Entre les conservateurs et les libéraux, le rôle d’un parti intermédiaire est généralement ingrat. Non-seulement il a contre lui les partis extrêmes, mais il est suspect aux esprits plus tempérés de la droite et de la gauche pure, qu’il tend à retenir sur la pente du cléricalisme ou du radicalisme. Un membre de la gauche, dans la dernière chambre des députés, comparait son parti à un homme dans une baignoire qui recevrait tour à tour, par les soins de mains étrangères, un afflux d’eau chaude et un afflux d’eau froide.
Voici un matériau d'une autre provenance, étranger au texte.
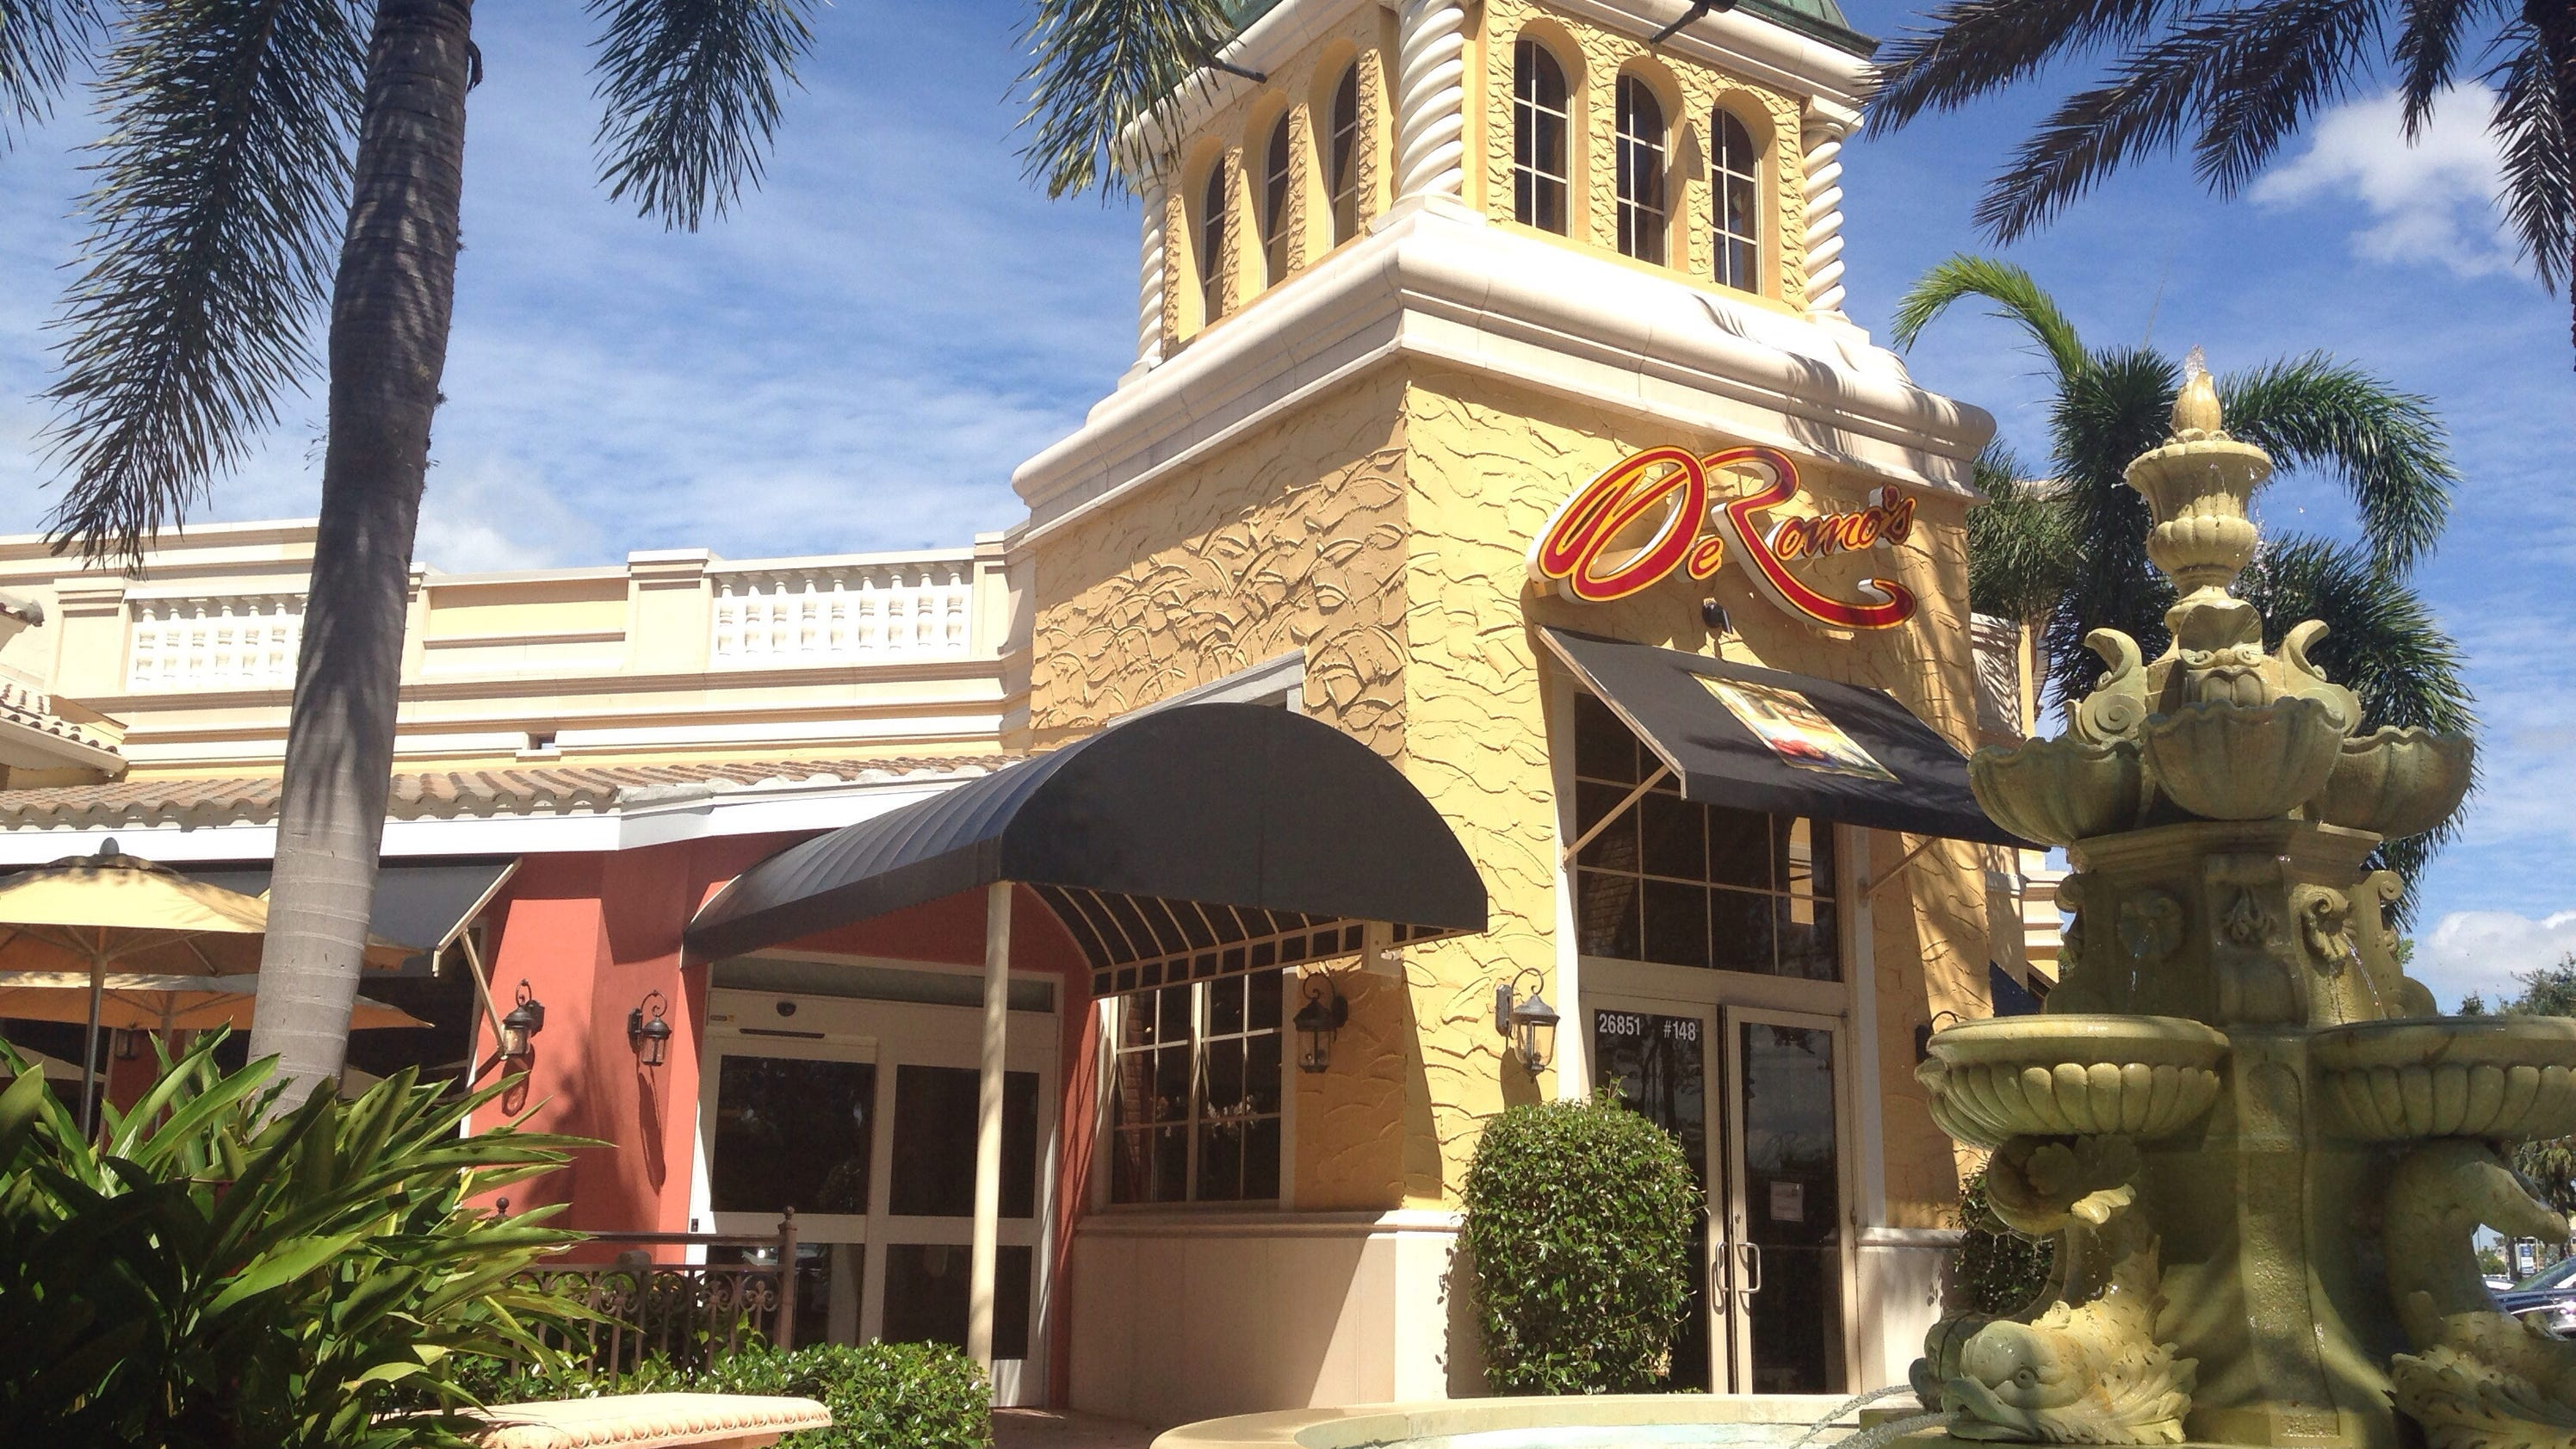 New swfl restaurants debut more on horizon for Global motors fort myers florida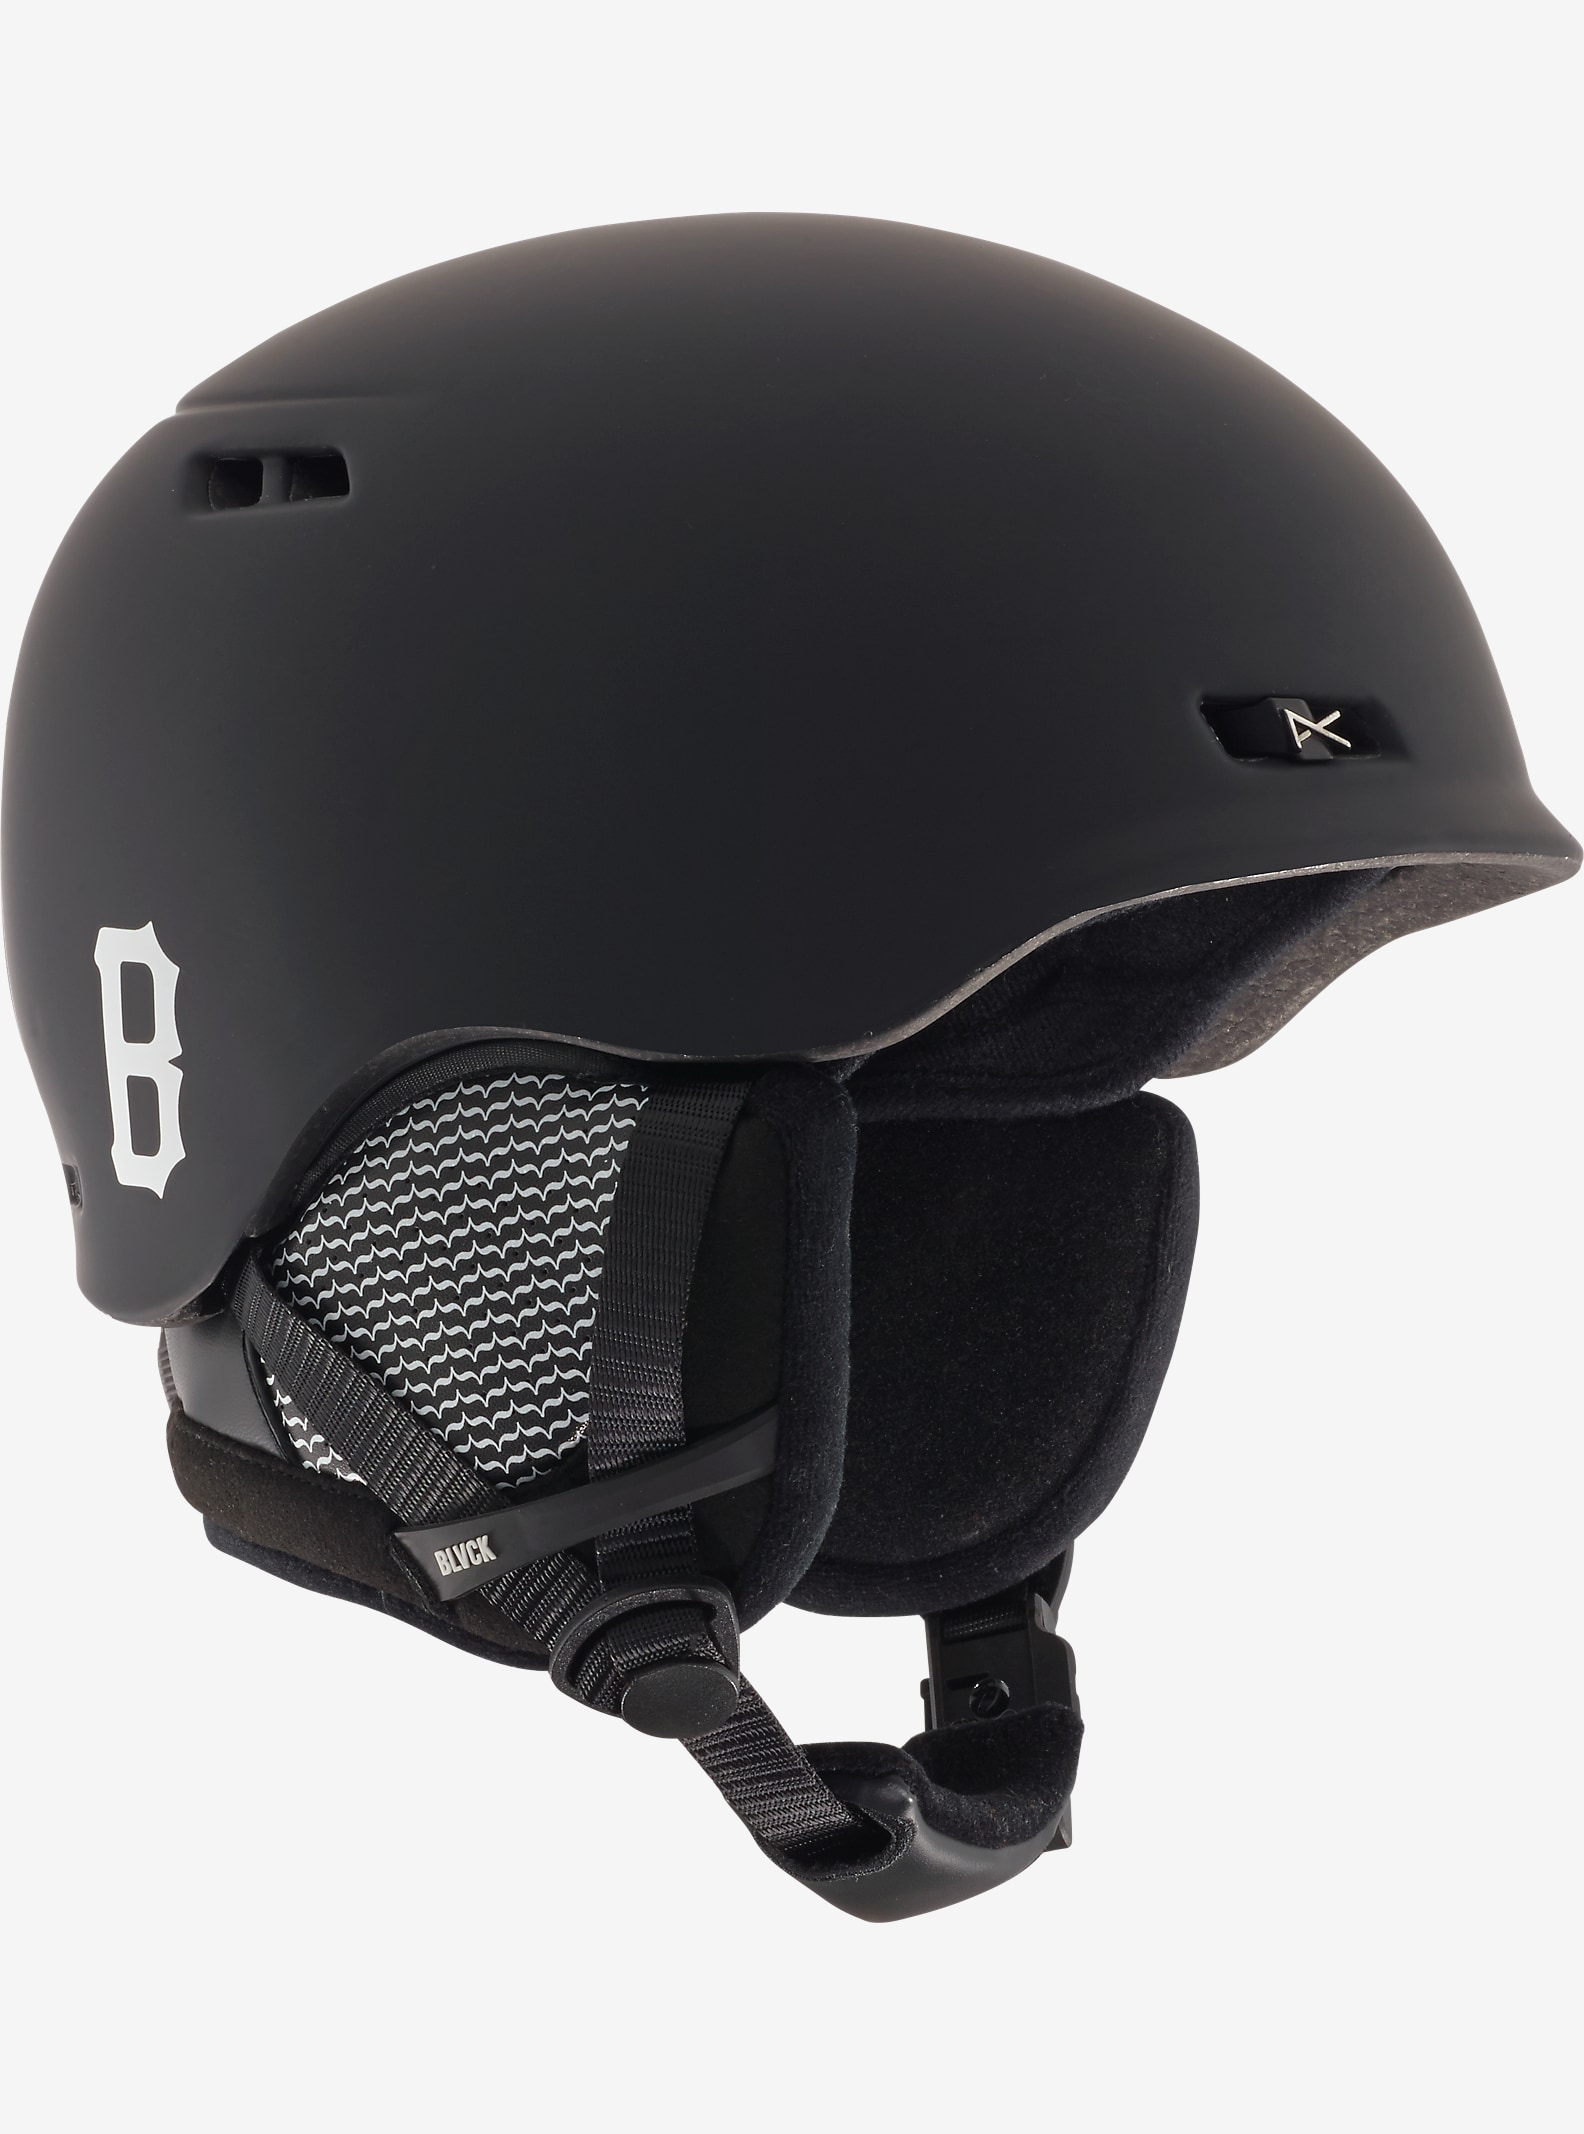 Black Scale x anon. Rodan Helmet shown in Black Scale

La gauche ne nie pas l’utilité de ces deux afflux, mais elle prétend les diriger elle-même, et elle ne se défie pas moins du centre gauche, qui voudrait refroidir son bain, que de l’extrême gauche, qui se charge de le réchauffer. Ni la gauche ni la droite ne goûtent volontiers la prudence des centres. La gauche surtout, plus remuante, plus impatiente de tout frein, en un mot d’un esprit plus jeune, suivant la théorie de Bluntschli, regimbe aisément contre les conseils de ses alliés du centre gauche. On a sans doute en maintes occasions flatté le centre gauche; on a exalté son patriotisme et sa sagesse; mais il aurait eu tort de se laisser prendre à ces éloges : si on l’en accablait, c’était moins pour se soumettre à sa direction que dans l’espoir de l’entraîner plus loin qu’il ne voulait, et, s’il résistait, les injures succédaient vite aux flatteries.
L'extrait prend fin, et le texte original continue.